Последнее место, которое создал Бог - Джек Хиггинс
Шрифт:
Интервал:
Закладка:
— А каковы ваши планы, полковник? — спросила сестра Мария Тереза.
— Они сама простота, — устало улыбнулся он. — Я иду договариваться о мире с хуна. На этом настаивает мое начальство, которое сейчас сидит в своих креслах за столами в доброй тысяче миль отсюда.
— Вы не одобряете такое решение?
— Скажем так, я не строю никаких иллюзий насчет результата. Их делегация — один вождь и пятеро старейшин — согласилась встретиться со мной при условии, что я приду один, не считая переводчика, и абсолютно безоружен. Будет только одно изменение в нашей договоренности: сеньор Мэллори, который знает индейцев больше, чем любой из знакомых мне людей, согласился сопровождать меня.
Сестра Мария Тереза затихла и замерла, не донеся чашечку кофе до рта. Потом она обернулась и, слегка нахмурившись, внимательно посмотрела на меня.
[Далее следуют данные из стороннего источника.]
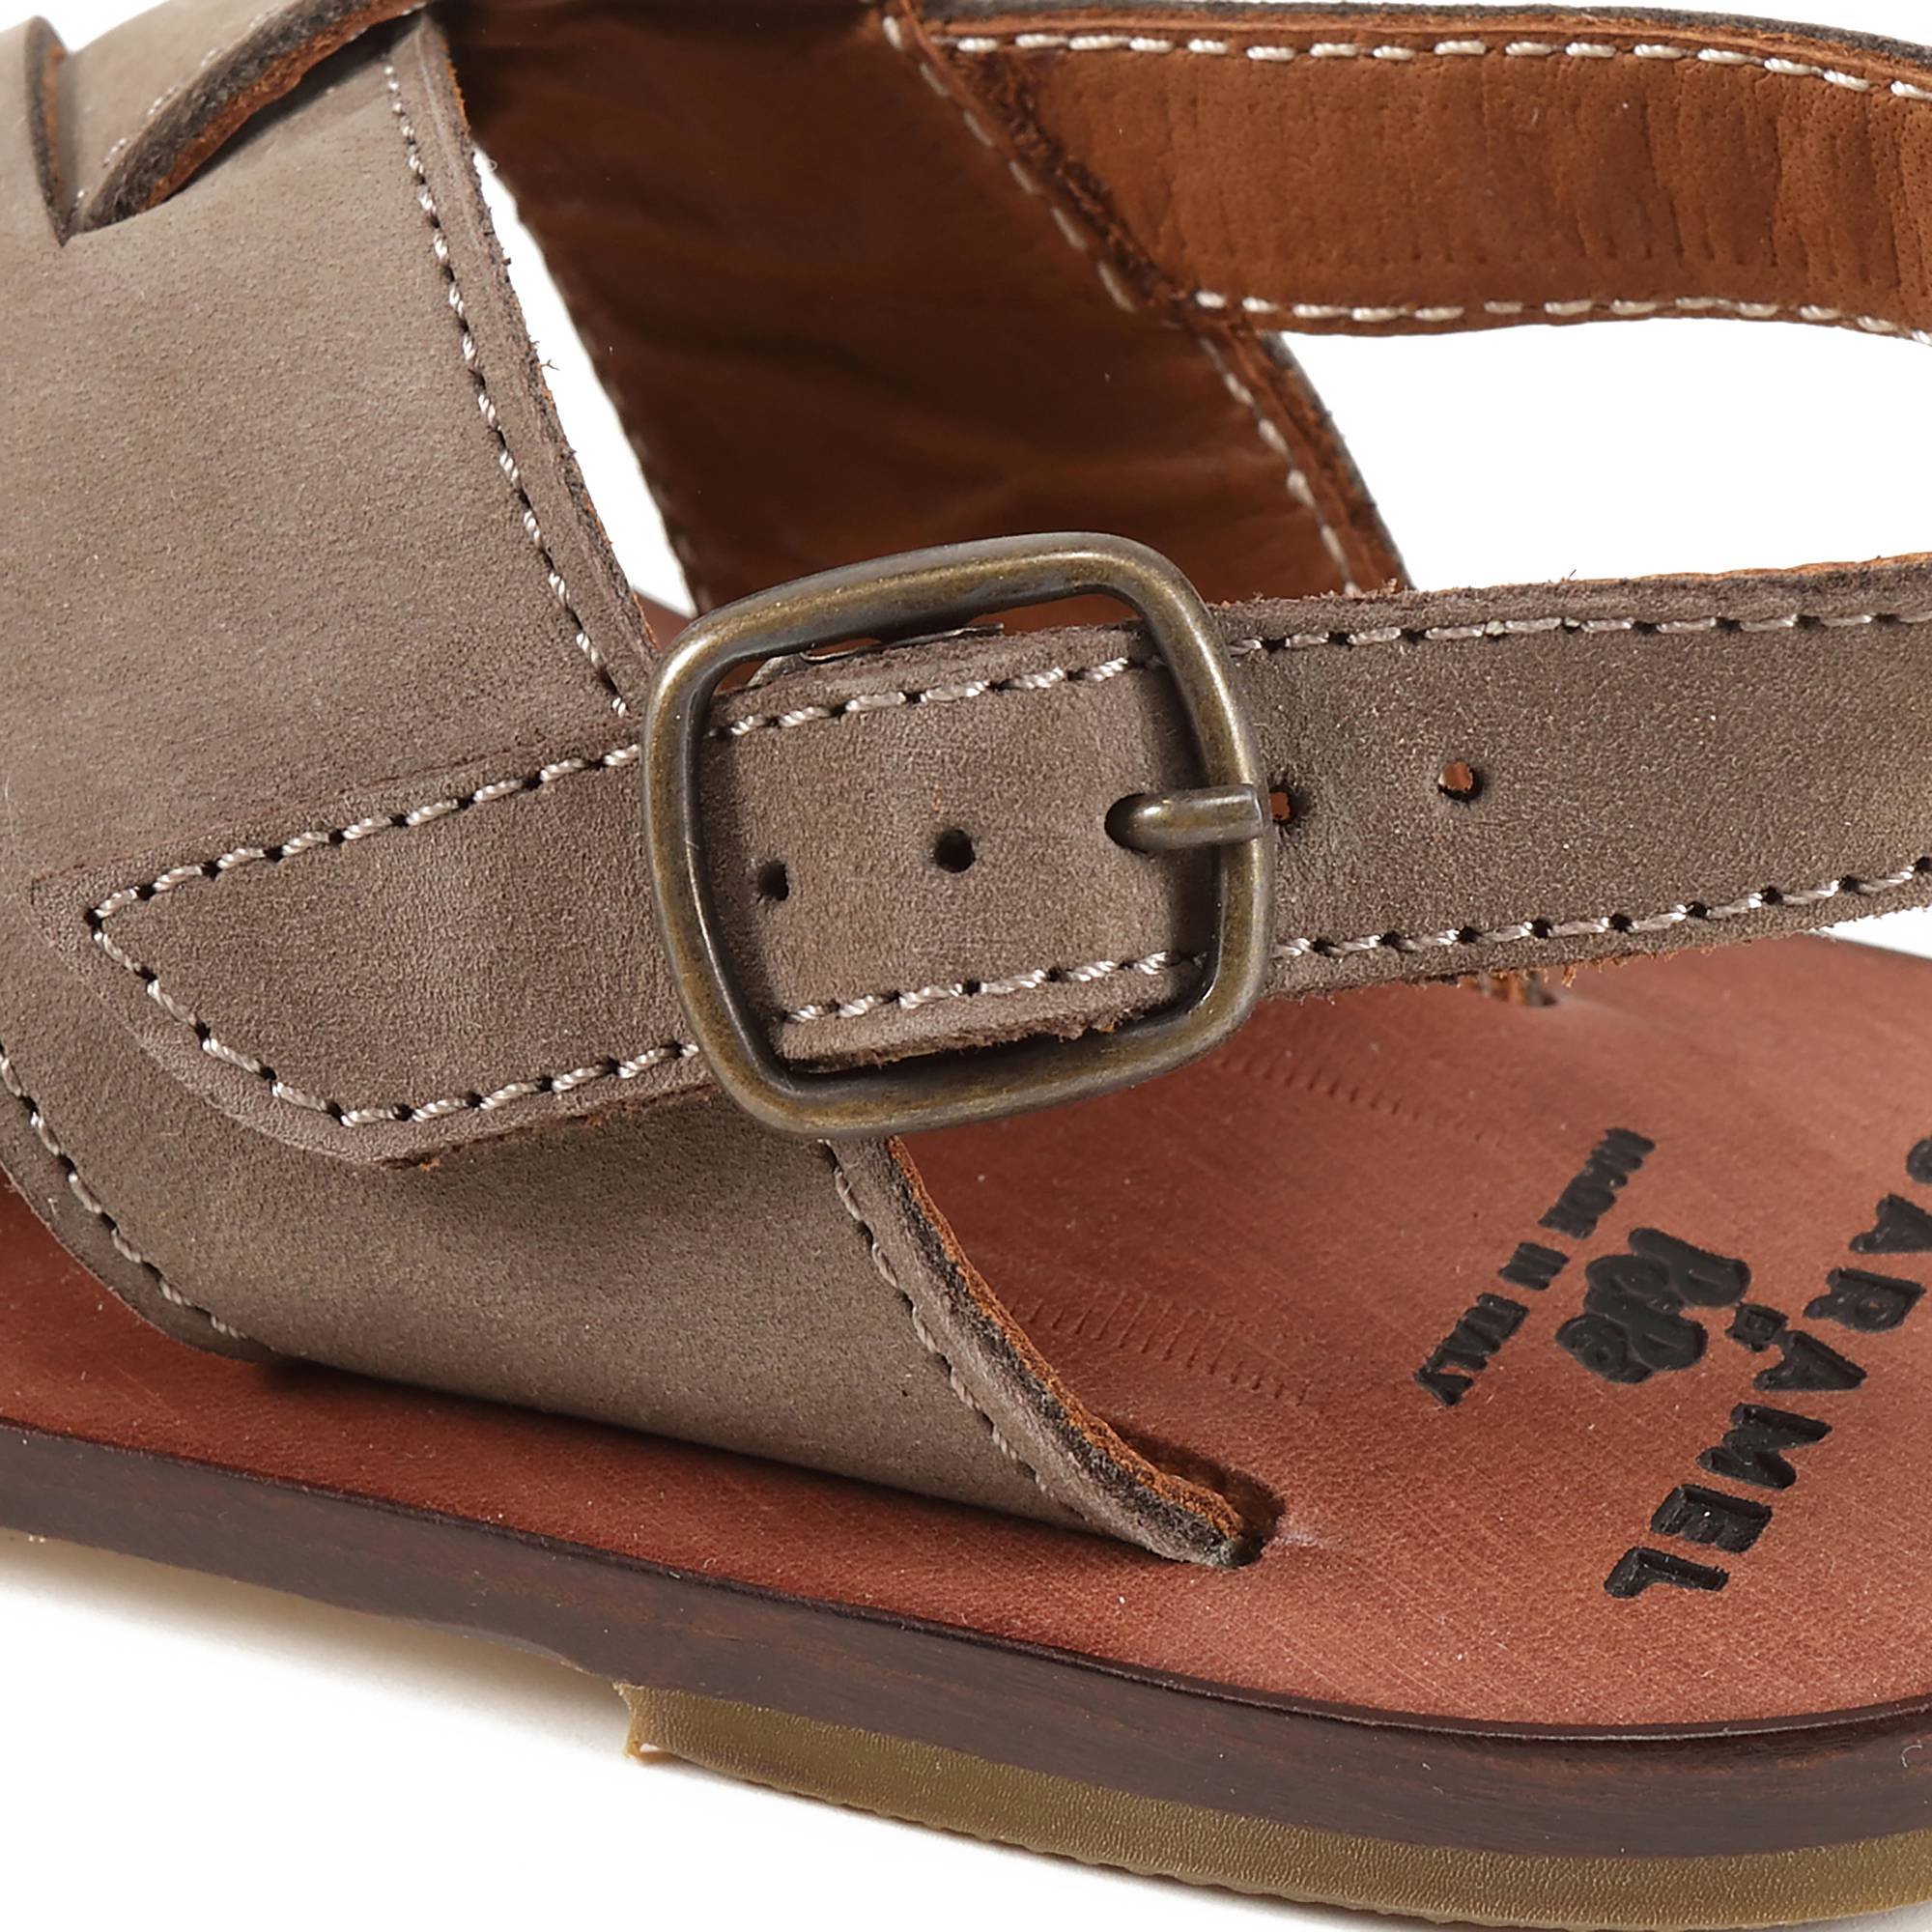 Baby Boys & Girls Brown Leather Sandals

— Вас ждет длинная прогулка, сеньор Мэллори, — произнесла она.
Хэннах в гневе, диким взором посмотрел сначала на меня, а потом на Джоанну Мартин. Ему не хотелось говорить того, что у него вертелось на языке, но если он этого не сделает сам, то я скажу за него.
— Вы можете включить меня тоже, полковник.
— Не будьте дураком, — вмешался я. — Кто же, черт побери, отвезет дам на "Хейли", если с нами что-нибудь случится?
Спорить было не о чем, и он знал это. Сэм сердито повернулся и ушел, а сестра Мария Тереза продолжила:
— Судя по моему опыту в прошлом, индейцы не рассматривают группу, в которой есть женщина, как угрозу для себя. Разве не так, мистер Мэллори?
Альберто, встревоженный, посмотрел на меня, да и мне что-то показалось странным в ее словах.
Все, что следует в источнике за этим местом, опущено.